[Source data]
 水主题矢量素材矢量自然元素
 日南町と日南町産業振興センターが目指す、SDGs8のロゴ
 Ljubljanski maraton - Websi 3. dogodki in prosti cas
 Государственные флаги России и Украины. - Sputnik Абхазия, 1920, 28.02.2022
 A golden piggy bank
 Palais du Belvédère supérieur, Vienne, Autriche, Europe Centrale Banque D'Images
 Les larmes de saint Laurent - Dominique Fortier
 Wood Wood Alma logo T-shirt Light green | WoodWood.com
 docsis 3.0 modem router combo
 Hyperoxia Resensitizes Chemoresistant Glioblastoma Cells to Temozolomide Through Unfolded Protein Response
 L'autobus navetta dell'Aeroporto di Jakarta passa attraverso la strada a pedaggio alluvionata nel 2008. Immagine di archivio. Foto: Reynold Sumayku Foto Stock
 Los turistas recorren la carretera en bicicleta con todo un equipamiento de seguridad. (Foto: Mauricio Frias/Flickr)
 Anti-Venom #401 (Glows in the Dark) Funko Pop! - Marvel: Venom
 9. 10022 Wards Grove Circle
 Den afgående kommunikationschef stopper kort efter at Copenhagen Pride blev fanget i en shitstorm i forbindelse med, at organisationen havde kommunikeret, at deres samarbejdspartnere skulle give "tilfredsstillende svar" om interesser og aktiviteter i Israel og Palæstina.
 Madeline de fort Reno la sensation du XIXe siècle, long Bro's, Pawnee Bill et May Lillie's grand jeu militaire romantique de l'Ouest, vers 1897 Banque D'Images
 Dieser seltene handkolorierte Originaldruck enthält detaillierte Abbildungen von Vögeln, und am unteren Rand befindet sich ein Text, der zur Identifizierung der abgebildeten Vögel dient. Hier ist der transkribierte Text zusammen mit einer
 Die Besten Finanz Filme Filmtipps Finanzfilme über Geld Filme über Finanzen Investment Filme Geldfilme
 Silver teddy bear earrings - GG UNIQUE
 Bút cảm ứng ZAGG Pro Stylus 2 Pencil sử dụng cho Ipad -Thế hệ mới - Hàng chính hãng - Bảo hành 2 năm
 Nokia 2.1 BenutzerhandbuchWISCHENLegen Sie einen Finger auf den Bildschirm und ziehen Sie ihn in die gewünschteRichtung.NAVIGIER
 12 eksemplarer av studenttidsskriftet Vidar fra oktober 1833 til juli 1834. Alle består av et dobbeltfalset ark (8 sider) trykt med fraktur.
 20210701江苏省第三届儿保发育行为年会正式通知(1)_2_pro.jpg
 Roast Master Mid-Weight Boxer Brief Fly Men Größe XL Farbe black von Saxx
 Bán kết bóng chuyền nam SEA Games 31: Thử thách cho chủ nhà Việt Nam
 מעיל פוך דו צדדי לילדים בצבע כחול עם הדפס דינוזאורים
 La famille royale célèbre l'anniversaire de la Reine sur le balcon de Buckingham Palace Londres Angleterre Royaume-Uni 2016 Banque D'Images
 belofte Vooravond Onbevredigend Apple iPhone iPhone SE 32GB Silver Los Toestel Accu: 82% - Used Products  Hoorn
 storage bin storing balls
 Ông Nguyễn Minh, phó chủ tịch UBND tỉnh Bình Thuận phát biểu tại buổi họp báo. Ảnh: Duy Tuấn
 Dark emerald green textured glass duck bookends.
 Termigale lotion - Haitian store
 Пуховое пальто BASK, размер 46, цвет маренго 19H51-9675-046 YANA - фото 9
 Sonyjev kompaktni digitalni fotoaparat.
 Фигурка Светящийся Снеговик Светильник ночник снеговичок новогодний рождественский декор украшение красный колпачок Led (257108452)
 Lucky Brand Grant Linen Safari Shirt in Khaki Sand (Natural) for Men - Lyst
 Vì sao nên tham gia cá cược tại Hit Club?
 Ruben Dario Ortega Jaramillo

■ TASK INSTRUCTIONS ■
The output should be exactly the lines above from the line containing "Los turistas recorren" to the line containing "9. 10022 Wards Grove Circle", inclusive, with no other lines.

■ SOLVED EXERCISE ■
 Los turistas recorren la carretera en bicicleta con todo un equipamiento de seguridad. (Foto: Mauricio Frias/Flickr)
 Anti-Venom #401 (Glows in the Dark) Funko Pop! - Marvel: Venom
 9. 10022 Wards Grove Circle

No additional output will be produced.